After lagging behind a widespread global rally, India’s market is showing signs of a shift, with fundamental indicators suggesting a bottoming out of the earnings cycle. A senior analyst noted that while global and emerging markets have seen gains of 30% year-to-date, India has been a “relative laggard.”
Underperformance Rooted in Earnings Cycle and Valuation
The recent underperformance stems from a confluence of factors, including a nearly year-long downturn in corporate earnings and stretched valuations at the beginning of the period. “The combination of higher valuation with earnings in a down cycle for a year is what has caused India to underperform,” one analyst explained. Other economies, meanwhile, benefited from more robust policy support.
However, the tide appears to be turning. Recent quarterly reports have been “pretty decent,” with upgrades particularly evident in the financial segment, signaling a potential reversal of the earnings slump. This improvement is crucial, as a recovery in earnings is expected to attract foreign institutional investors (FIIs) back to the Indian market.

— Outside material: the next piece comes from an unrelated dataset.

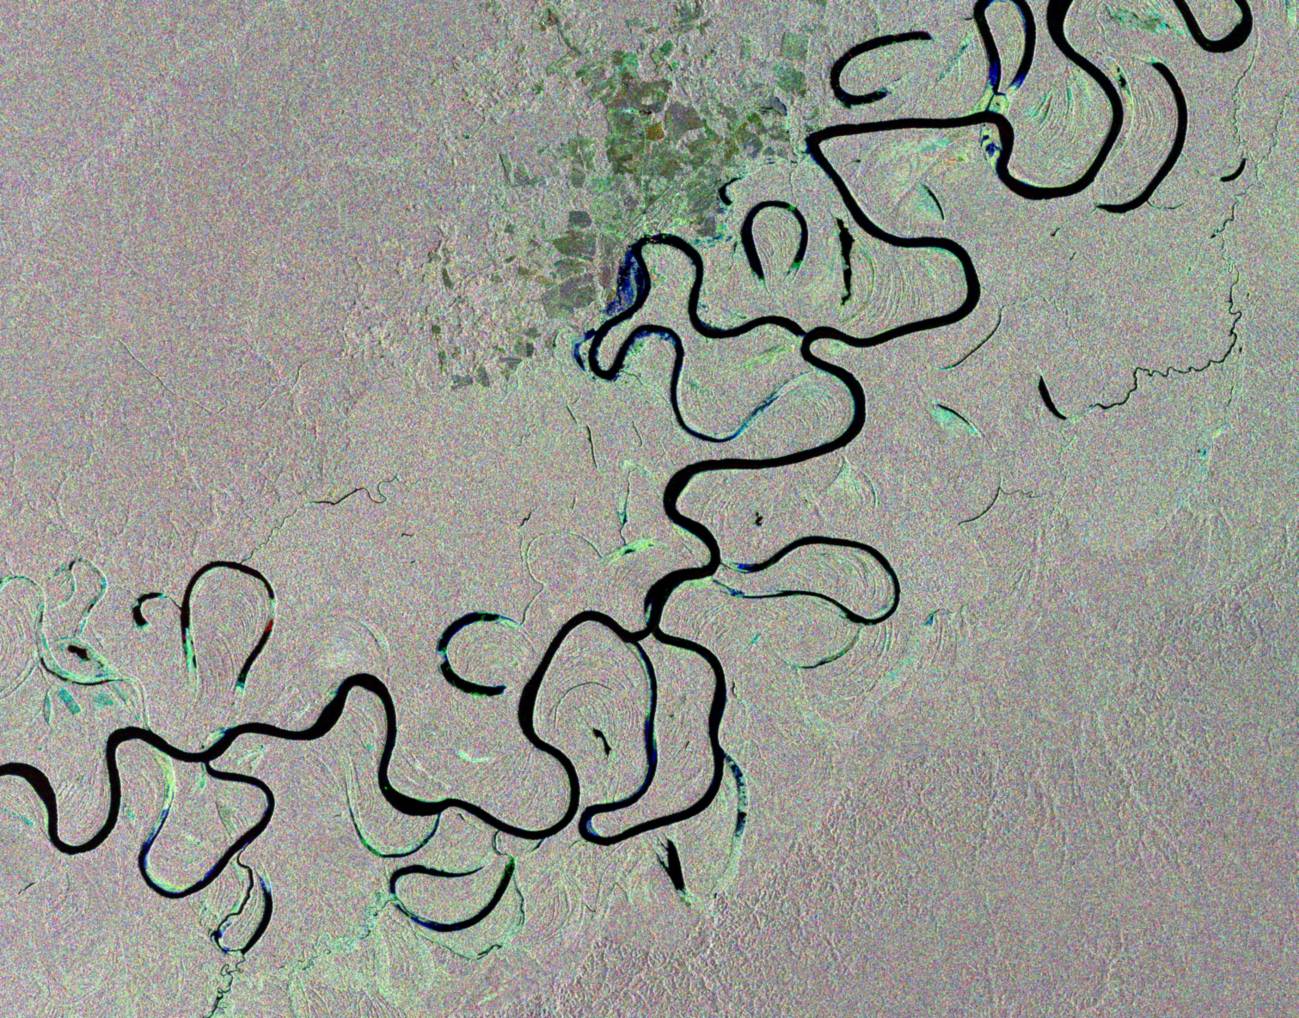 El río brasileño Juruá visto desde el espacio. Imagen: ESA

FII Flows Could Surge as Valuations Become More Attractive
The market has already witnessed consistent FII inflows in recent months, and analysts believe this trend could be sustained as India’s fundamentals strengthen. While approximately $45 billion in net inflows have entered the market since April – coinciding with the global rally – India remains in a deficit of $16 billion year-to-date.
Notably, India currently represents one of the most underweight positions in emerging market portfolios, with allocations at nearly two-decade lows. As earnings rebound, investors will likely need to rebalance their portfolios, potentially driving increased allocations and further inflows into India.
Emerging Market Rotation Favors India’s Potential
The current global investment landscape is characterized by a rotation among emerging markets, as investors seek opportunities beyond the United States. A weakening dollar, slowing US growth, and anticipated rate cuts from the Federal Reserve are creating a favorable environment for emerging economies.
“The environment of non-recessionary Fed cuts is always good for asset markets including in EM,” one analyst stated. The dollar is currently estimated to be 15% overvalued, and continued weakness would further bolster emerging market equities. Throughout the year, investor focus has shifted from Europe to Latin America, then to Asia and South Africa, with India and parts of the Middle East representing the current laggards.
While caution remains regarding the Middle East due to oil market uncertainties, India is emerging as a compelling “catch-up story.” Valuations, though still somewhat elevated, are less stretched than they were a year ago, and the return of FII flows is setting the stage for a potential rally.